Once you know the energy balance (rating) or as a general way to do the energy balance (simulation), plot the hot and cold grand composite curves for use in an LMTD calculation. Even if rating, this plot must be done to insure that the exchanger is thermodynamically feasible (i.e. no pinch within the exchanger). If there is a pinch, then pull the curves apart until you get a min temp difference at the pinch and recalculate the outlet temps (this can be done as a graphical "simulation" if you calculate your composite curves out far enough. The LMTD can be calculated from an interval analysis based on your curves if they are not straight lines. If you are attempting a "simulation" based on existing area and some assumed U's, itterate on various approaches (by sliding the curves) until the heat transfer balance is satisfied.

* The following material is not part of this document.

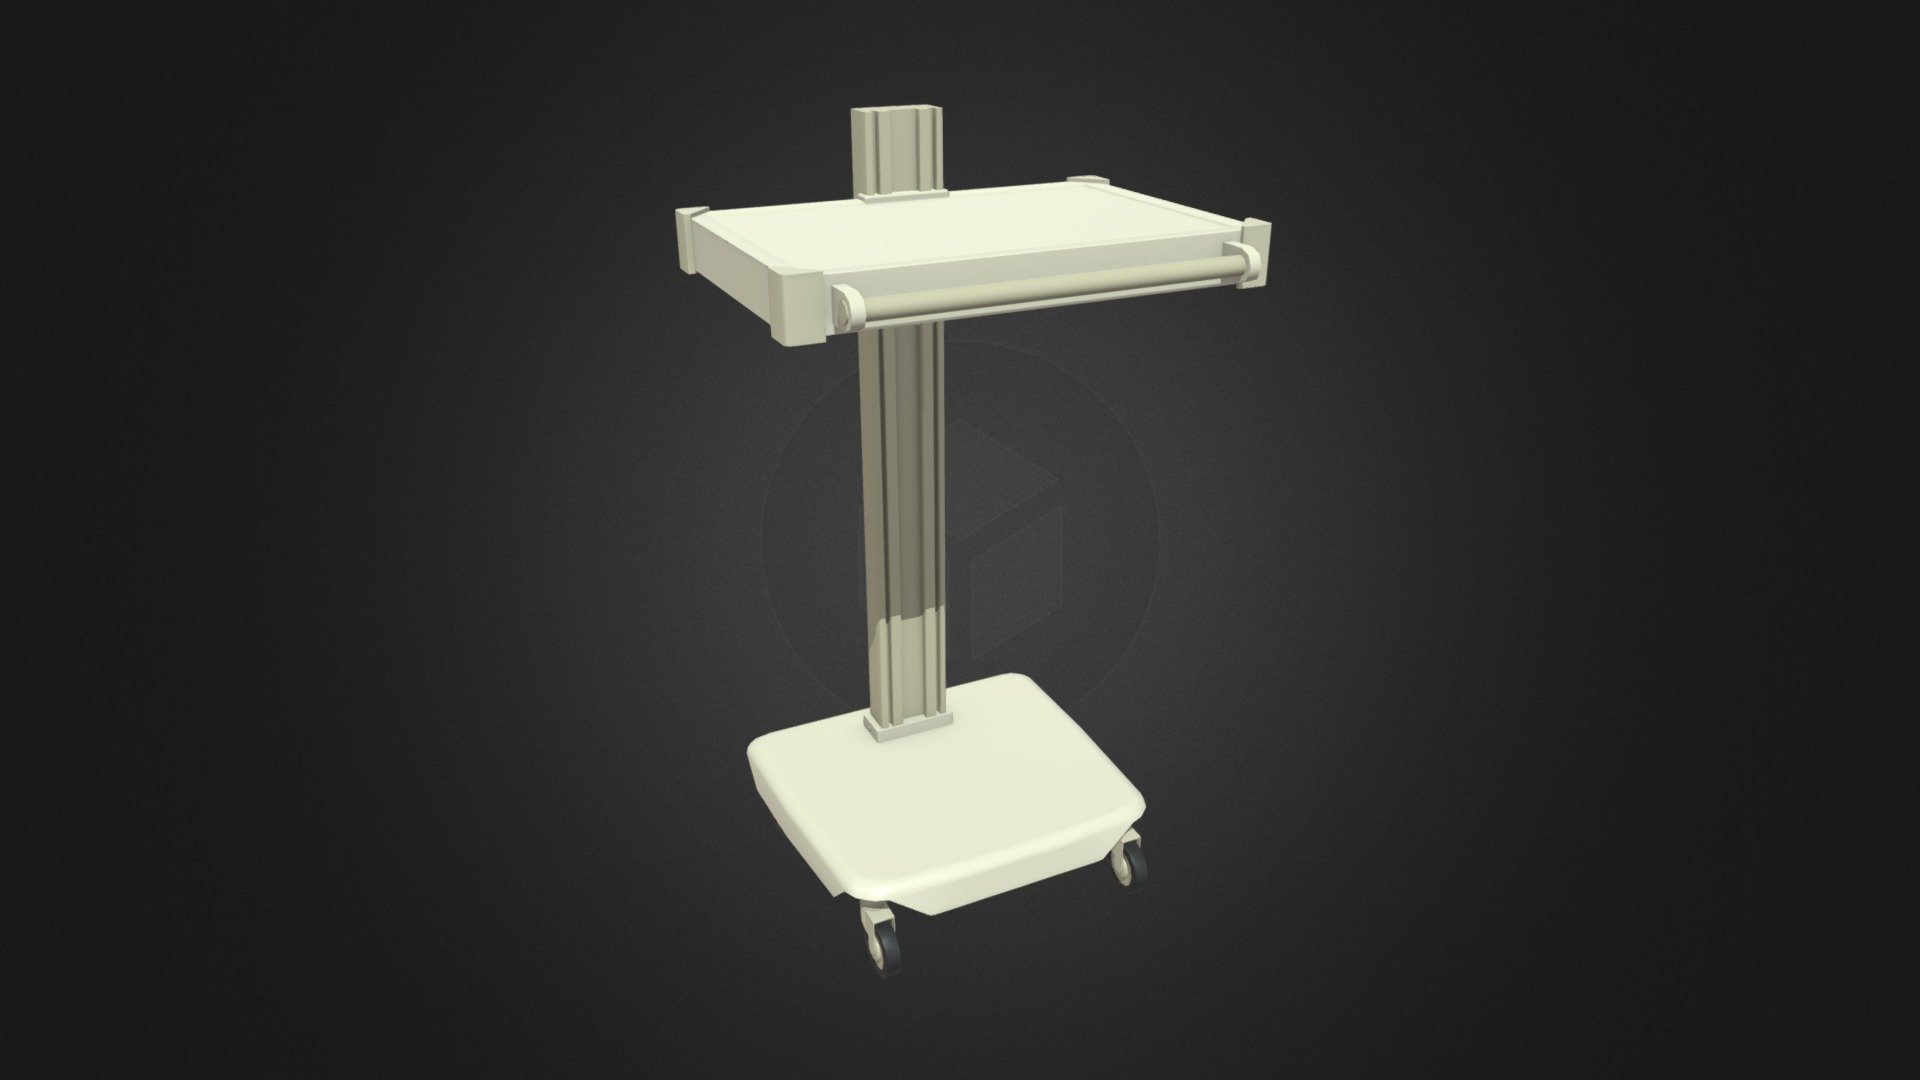 A little push around surface for a medical sim we're working on at UVU - Medical Cart - 3D model by Ethan Cragun (@EDIIIC) 3d model

In your case of an intermediate outlet cold stream you can treat the system as two zones using the hot and cold composite curves, since the cold curve will have an inflection at 120K. In this case the first zone (working from the cold inlet) will have all 3 cold streams exiting at 120K. In the next zone you have 2 cold streams entering at 120K. Use the methods above to find the hot stream intermediate temperature, at what temp the cold streams will exit at the hot end, and other related calculations.

In practice, some control is probably required to keep the intermediate stream temp at 120K in case 2. As always for these type cases, be aware of what kind of upsets to hot and cold flows can happen and insure safeguards exist for any carbon steel piping that might be downstream of the coldside out.